On her third day at the Sundance Film Festival this past January, Elizabeth Olsen’s life changed. She was the star of two movies in Sundance—Silent House, which is a horror film, and, more importantly, Martha Marcy May Marlene, the riveting, chilling, psychologically complex story of a damaged young girl who escapes from a cult. Martha had resonance—intended or not, the film had parallels to current religious and cultlike political movements such as the Tea Party, as well as echoes of Charles Manson—but at first the talk of the festival was focused on Olsen’s performance. Olsen, who is 22, had only started auditioning for films in February 2010, and was vaguely known, if she was known at all, as the youngest Olsen, Mary-Kate and Ashley’s little sister. The twins had named a clothing line, Elizabeth and James, after her and their brother, but until Sundance, until Martha Marcy May Marlene, few knew what Lizzie, as she is called, looked like—or that she could act.
After the initial showing of Martha at the Eccles Theatre, word spread immediately around the festival that a star might just have been born. “For the first two days at Sundance, nobody noticed me,” Olsen told me nearly six months later. “The third day was completely different.

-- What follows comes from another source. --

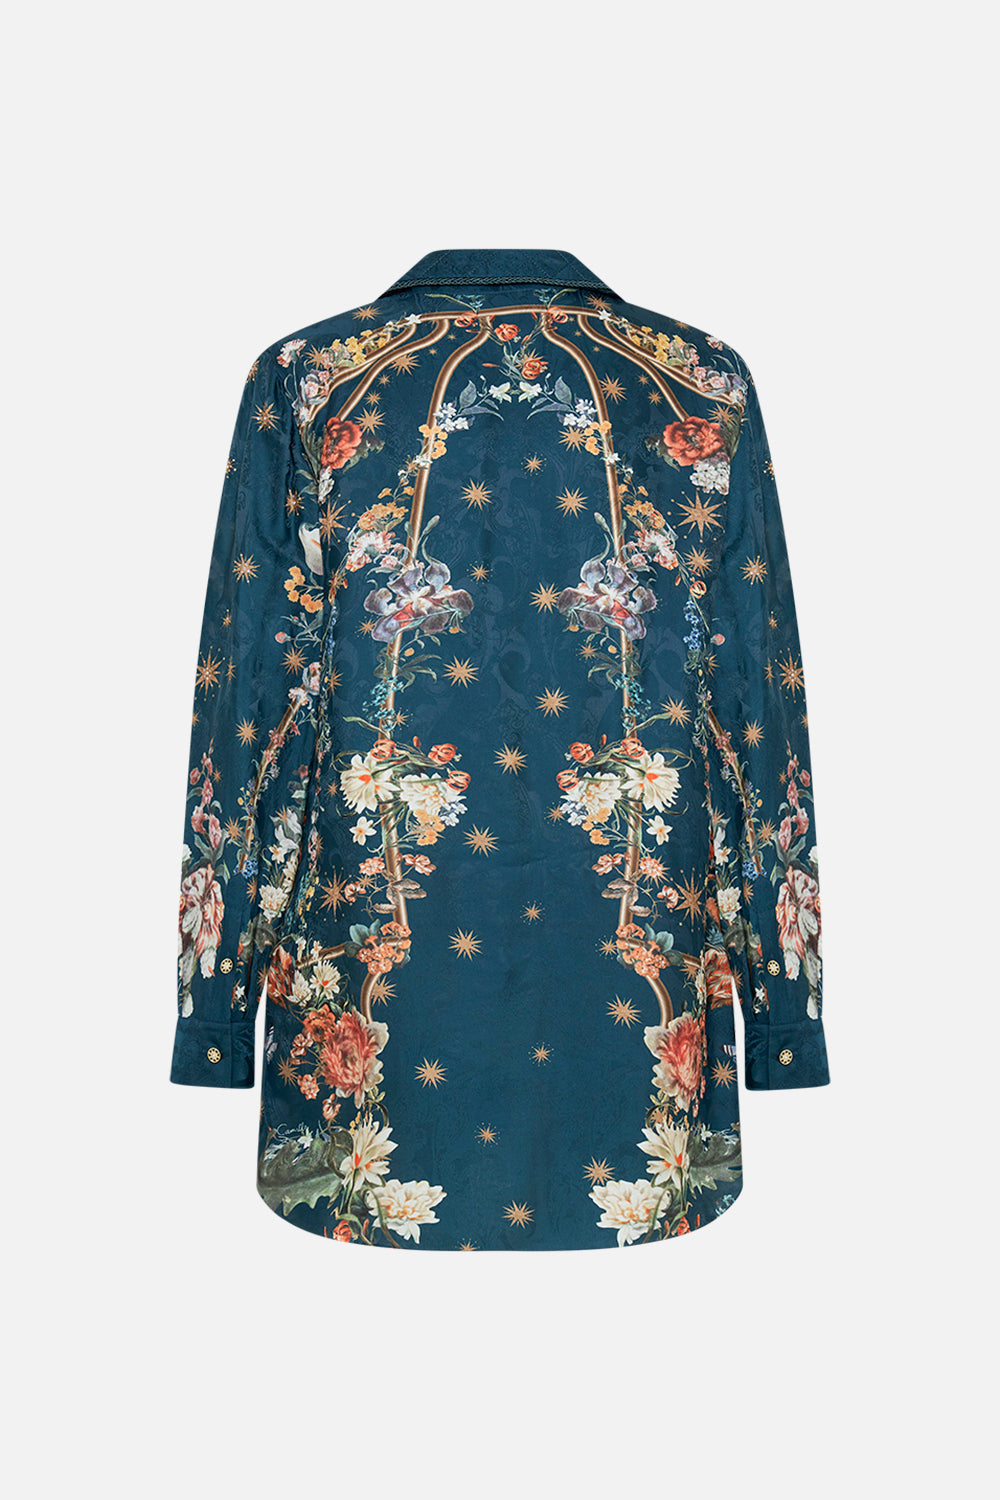 CAMILLA silk jacket in She Who Wears The Crown print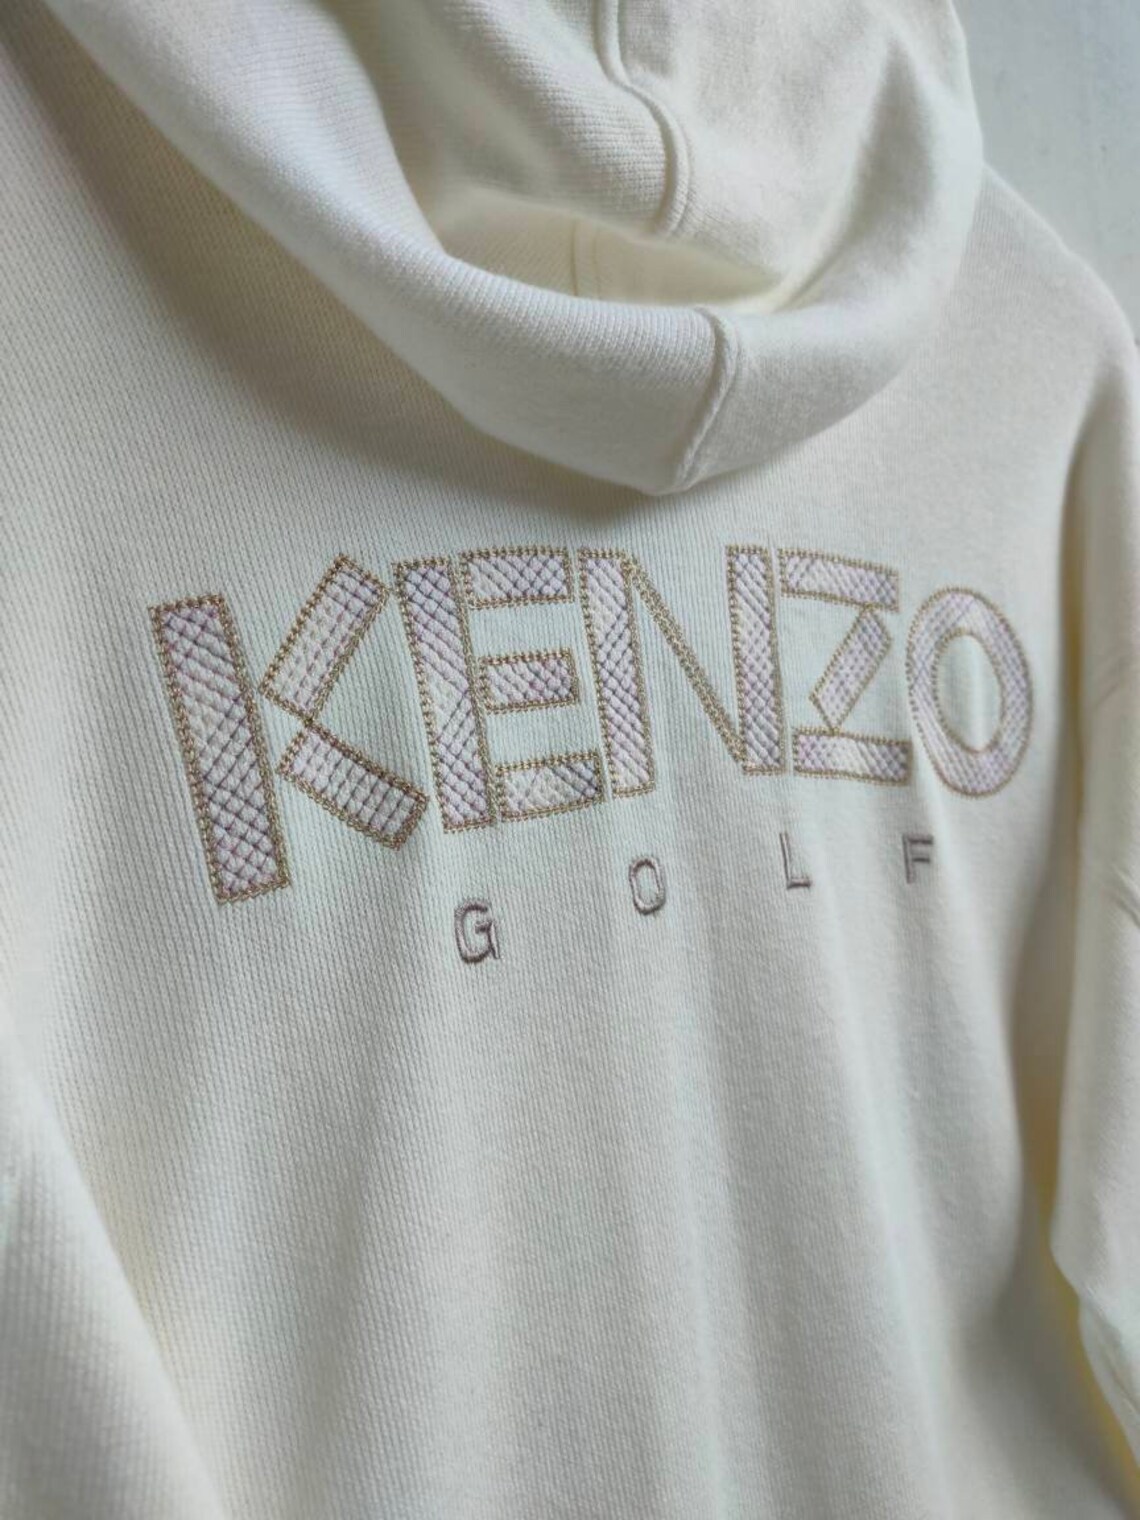 RARE Vintage Kenzo Golf Hoodie Sweater Full Zipper Embroidery | Etsy

Suddenly, walking down the street was an experience. I could hear people whispering about me or staring a little too long. It was so weird that it made me laugh. In every picture from Sundance, I am laughing.”
Olsen was laughing now—a kind of joyous, carefree laugh that is consistent with her personality. Unlike her character in Martha, she is decidedly not fragile, not conflicted, not haunted, not troubled. Instead, she is poised, engaged, and un-neurotic, which is unusual for someone so young. In fact, despite her round, clear eyes and open face, it’s easy to forget that Olsen is still in college at New York University; she has the sophistication and perspective of someone much older who managed to stay unjaded.
We were eating lunch in one of her favorite health-food restaurants, around the corner from her apartment in downtown Manhattan. Olsen was wearing black shorts that showed off her long, bare legs, a sheer orange top, and flat Céline loafers. Her brown hair was pulled back in a ponytail, and the streaming sunlight seemed to amplify the glow of her face. “Lizzie takes the light in an amazing way,” Sean Durkin, the director of Martha, said. “It’s not typical. She can look like a stunning, old-Hollywood actress one minute, and then, she can turn away from the light and blend in like a regular girl.”
FROM WHEN SHE WAS EIGHT, Olsen had wanted to act. She grew up in Los Angeles, and studied with Mary-Kate and Ashley’s on-set coach from Full House. Olsen started auditioning in the fourth grade, landed a commercial, and then at 10 decided to quit. “My dad wanted all the girls in our family to be independent,” Olsen explained, as she drank a dark green shake of kale, spinach, and other assorted leafy vegetables. “All the women in the family have this crazy drive. As a kid, I always liked auditioning, but after five auditions or so I missed ballet and after-school sports. My father told me to write out a pros and cons list: acting vs. ballet and sports. I needed to have reasons to decide to do one or the other.”